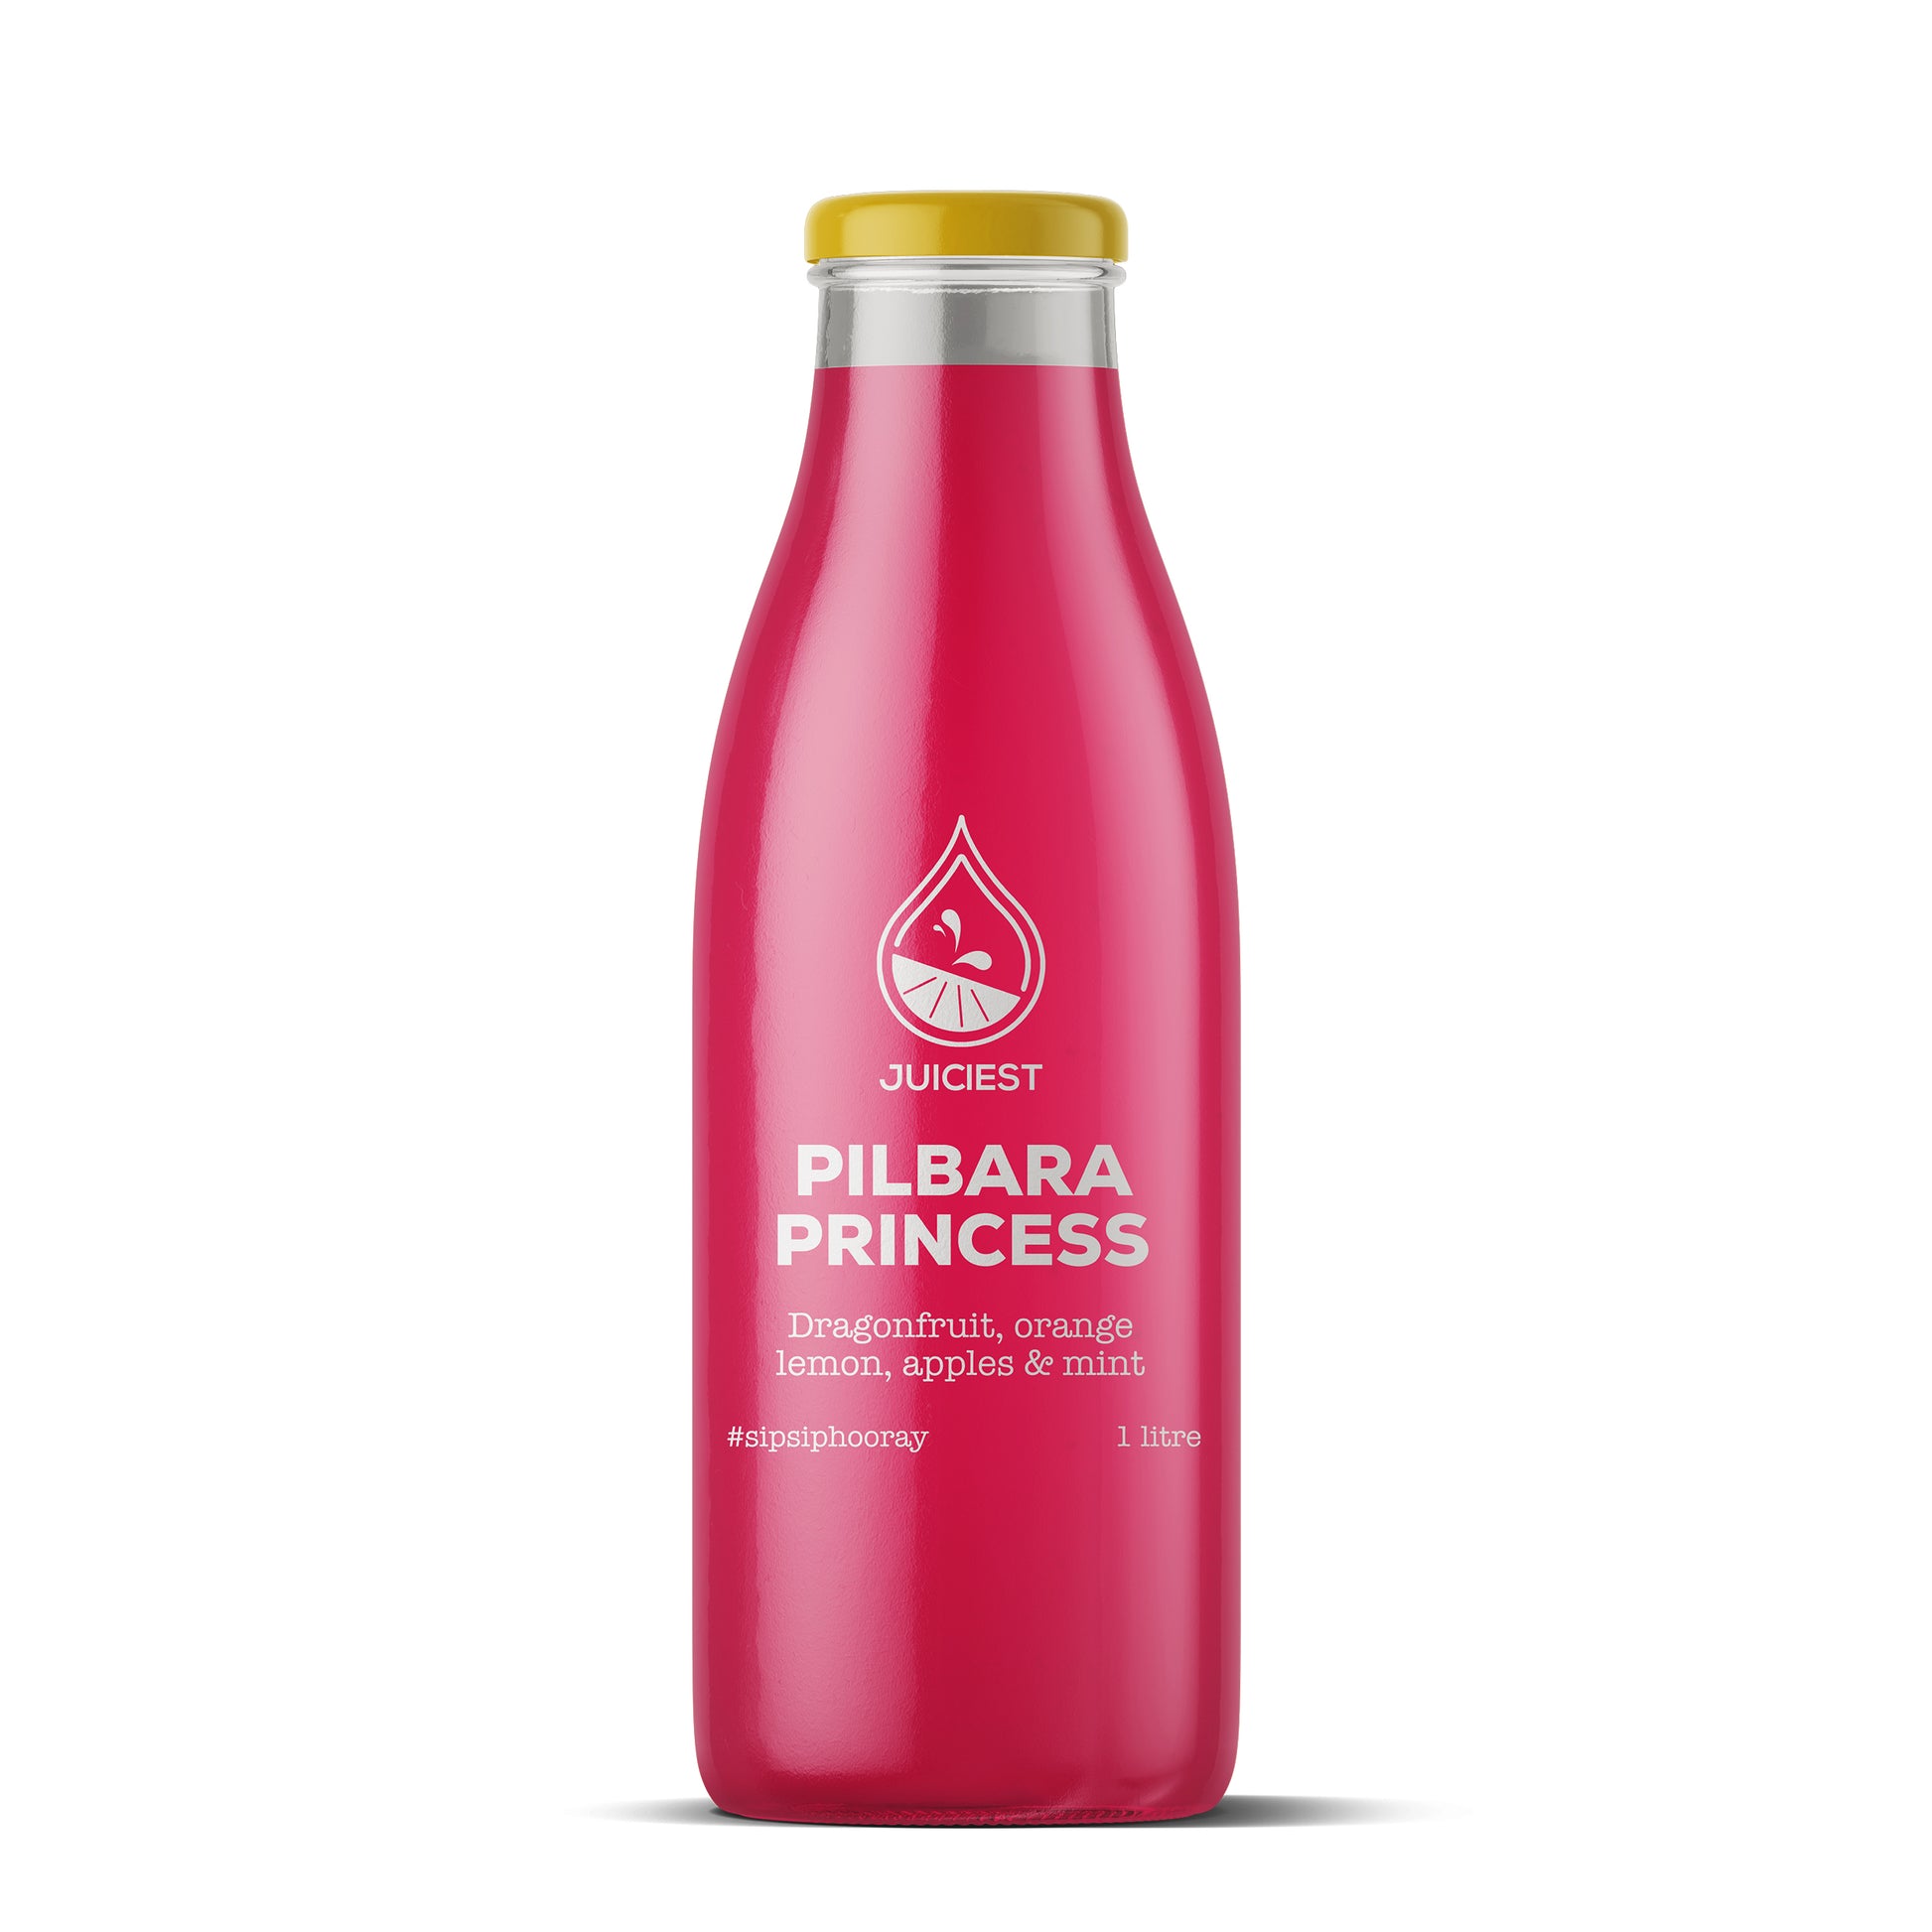 Juiciest Pilbara Princess 1L bottle
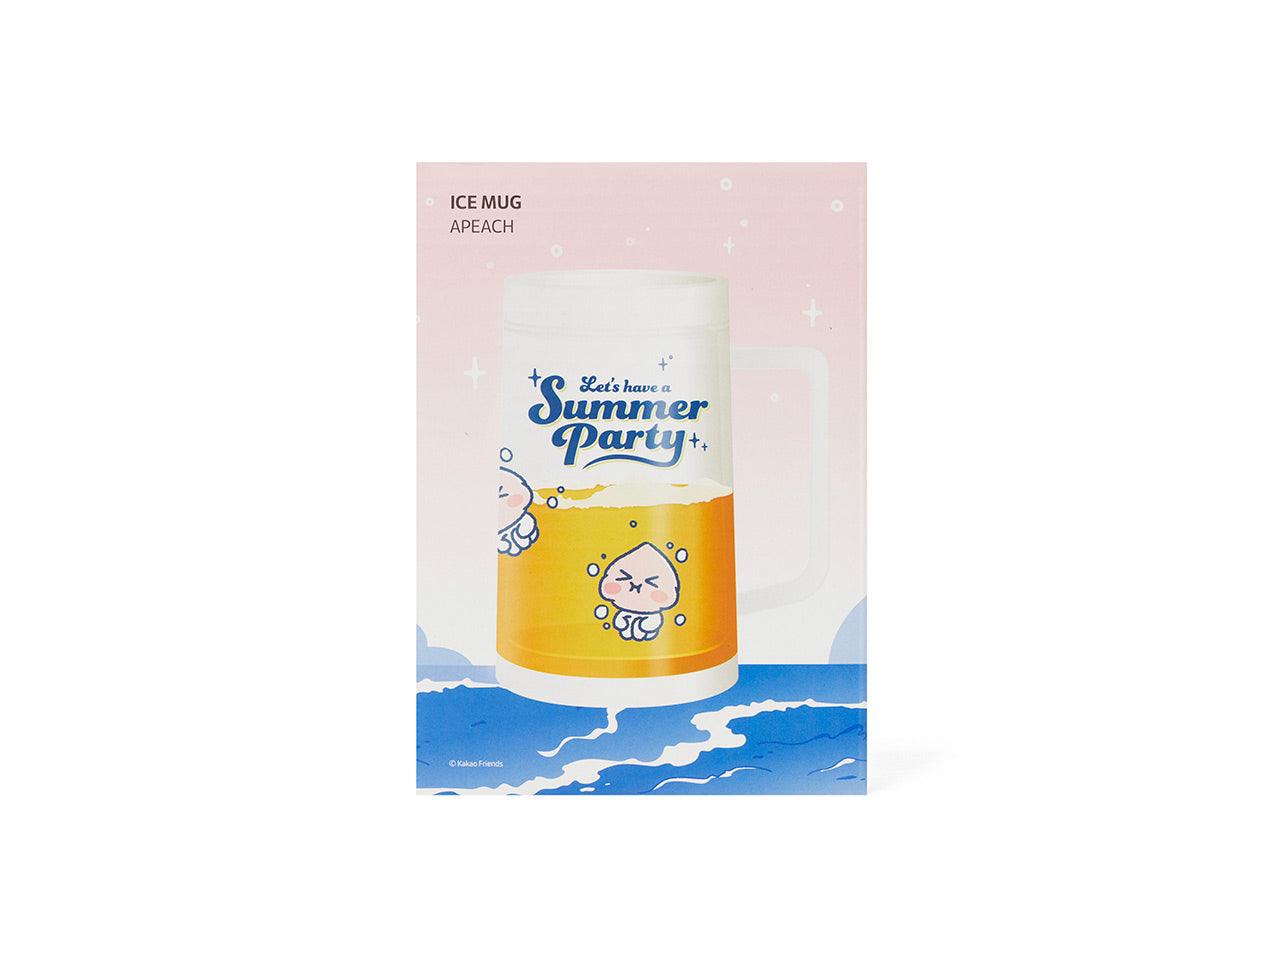 Kakao Friends Apeach Ice Mug 啤酒杯 355ml - SOUL SIMPLE HK
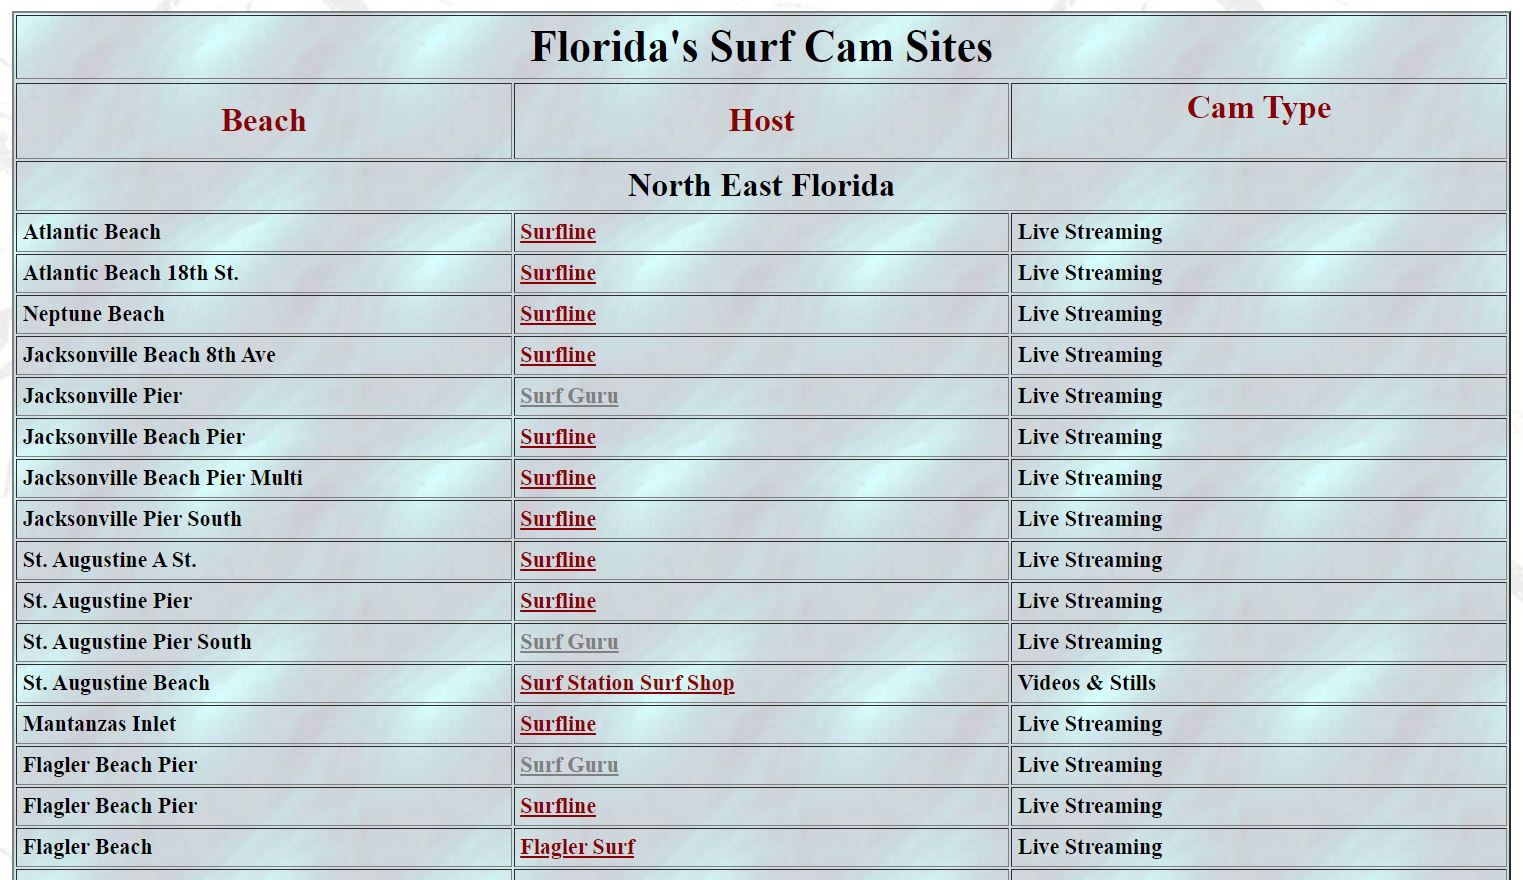 Florida's Surf Cams

- - - -

### About this exercise
Repeat each line above exactly. The pictures stay out.

### Expected output
 Juiciest Pilbara Princess 1L bottle
 Kakao Friends Apeach Ice Mug 啤酒杯 355ml - SOUL SIMPLE HK
 Florida's Surf Cams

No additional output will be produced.